Calibration pipeline:

```
quality        = combine_quality(R1..R5, weights)
brier          = brier_penalty(confidence, R1)
reward_raw     = quality * (1 - brier)
reward         = apply_uncertain_floor(reward_raw, confidence, quality)  # floor=0.50
final         := clamp(reward, -1.0, 1.0)
```

**Hard rule:** every reward bit traces to a deterministic schema- and
trace-grounded check. There is no LLM-as-a-judge anywhere in the pipeline.

---

## How to use

```python
from unsloth import FastModel
from peft import PeftModel

model, tokenizer = FastModel.from_pretrained(
    "unsloth/gemma-3n-E2B-it",
    max_seq_length=4096,
    load_in_4bit=False,         # 16-bit LoRA path; matches training
    full_finetuning=False,
)
model = PeftModel.from_pretrained(model, "DGXAI/gemma-3n-e2b-driftcall-lora")
model.eval()

prompt = (
    "BRIEF: 9 baje se pehle ek veg thali ₹500 ke andar Indiranagar mein.\n\n"
    "Reply with EXACTLY one JSON object matching the DriftCallAction schema."
)
inputs = tokenizer(prompt, return_tensors="pt").to(model.device)
out = model.generate(**inputs, max_new_tokens=256, do_sample=False)
print(tokenizer.decode(out[0, inputs.input_ids.shape[1]:], skip_special_tokens=True))
```

### Or — run it against the live env over OpenEnv REST

```bash
# Public bearer token for the hackathon Space.
curl -X POST https://saumilyajj-driftcall.hf.space/reset \
  -H "Authorization: Bearer driftcall-demo" \
  -H "X-Session-Id: smoke-001" \
  -H "Content-Type: application/json" \
  -d '{"seed": 42, "curriculum_stage": 2}'
```

The OpenEnv gym client lives at
[`deploy/inference/`](https://github.com/saumilyagupta/openenv-DGXAI/tree/google/gemma-3n-E4B-it/DRIFTCALL/deploy/inference)
and wraps `/reset`, `/step`, `/state`, `/close` in a gymnasium-style API.

---

## Limitations

- **Small training run.** 240 GRPO steps at G=2 is a smoke + push validation,
  not a learning run. Step-0-and-after reward fluctuates in `[0.175, 0.300]`,
  largely against the uncertain-floor at 0.50. Real lift comes after several
  thousand steps with G=4–8.
- **Tool-use, not tool-execution.** The agent emits JSON DriftCallAction
  payloads.
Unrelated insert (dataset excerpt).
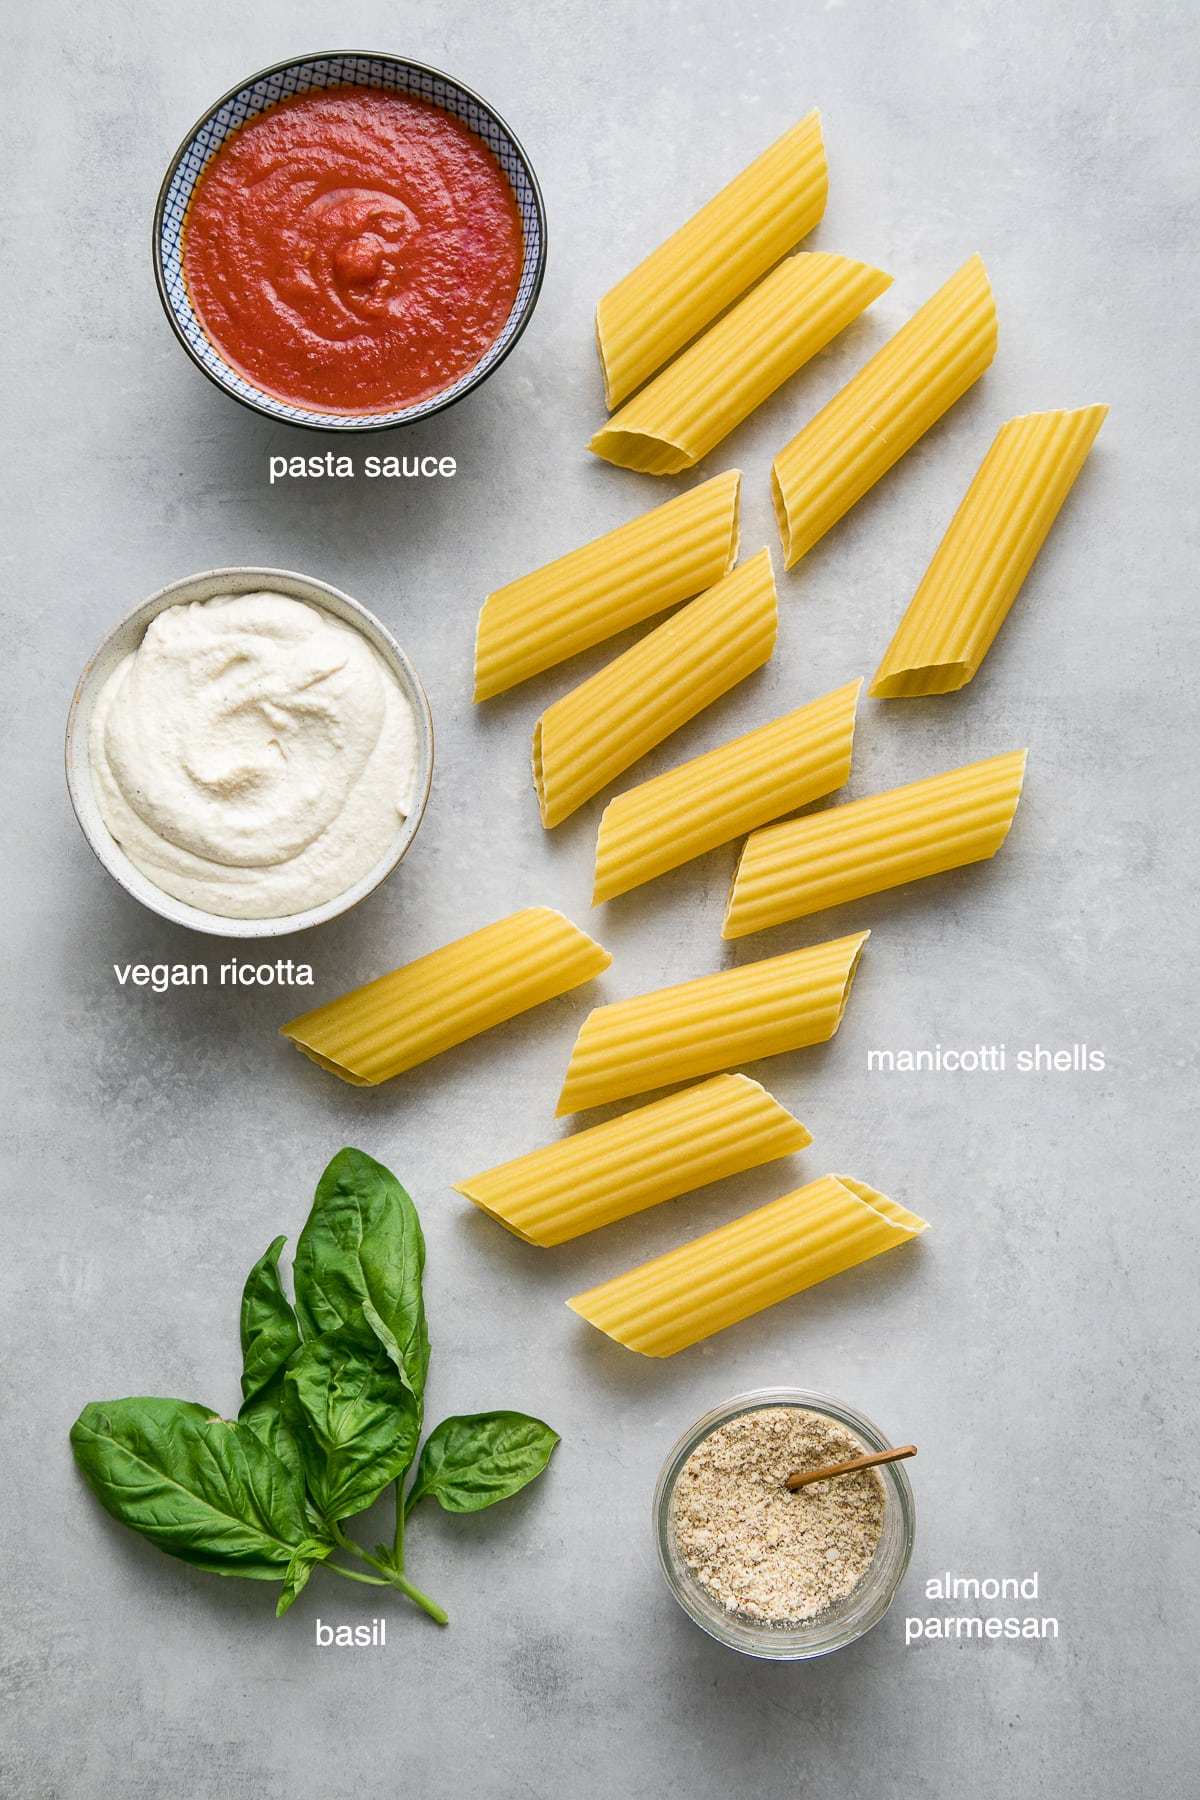 top down view of ingredients used to make vegan manicotti pasta recipe.

Side effects (`cab.book`, `payment.charge`, …) are realised by
  the env's mock vendor surface, not by real infrastructure.
- **Indic ASR is upstream.** Voice input goes through `faster-whisper-small`;
  this model never sees raw audio. Code-switched Hinglish accuracy is bounded
  by Whisper.
- **Reward components are deterministic, not perfect.** R5 (`anti_hack_penalty`)
  catches known patterns; novel exploits would need to be added to the probe
  set in `cells/step_20_probe.py`.
- **Not safety-aligned beyond Gemma-3n's defaults.** Off-task or adversarial
  inputs are not specifically guarded for in this run.

---

## Citation / acknowledgement

DriftCall is built on top of:

- [`unsloth/gemma-3n-E2B-it`](https://huggingface.co/unsloth/gemma-3n-E2B-it) — base model
- [Unsloth](https://github.com/unslothai/unsloth) — fast LoRA path
- [`hexgrad/Kokoro-82M`](https://huggingface.co/hexgrad/Kokoro-82M) — TTS in the env's audio pipeline
- [`Systran/faster-whisper-small`](https://huggingface.co/Systran/faster-whisper-small) — ASR in the env's audio pipeline

Source: <https://github.com/saumilyagupta/openenv-DGXAI> · branch `google/gemma-3n-E4B-it`.

Hackathon: DGX Hackathon 2026 — Indic Voice + RL track.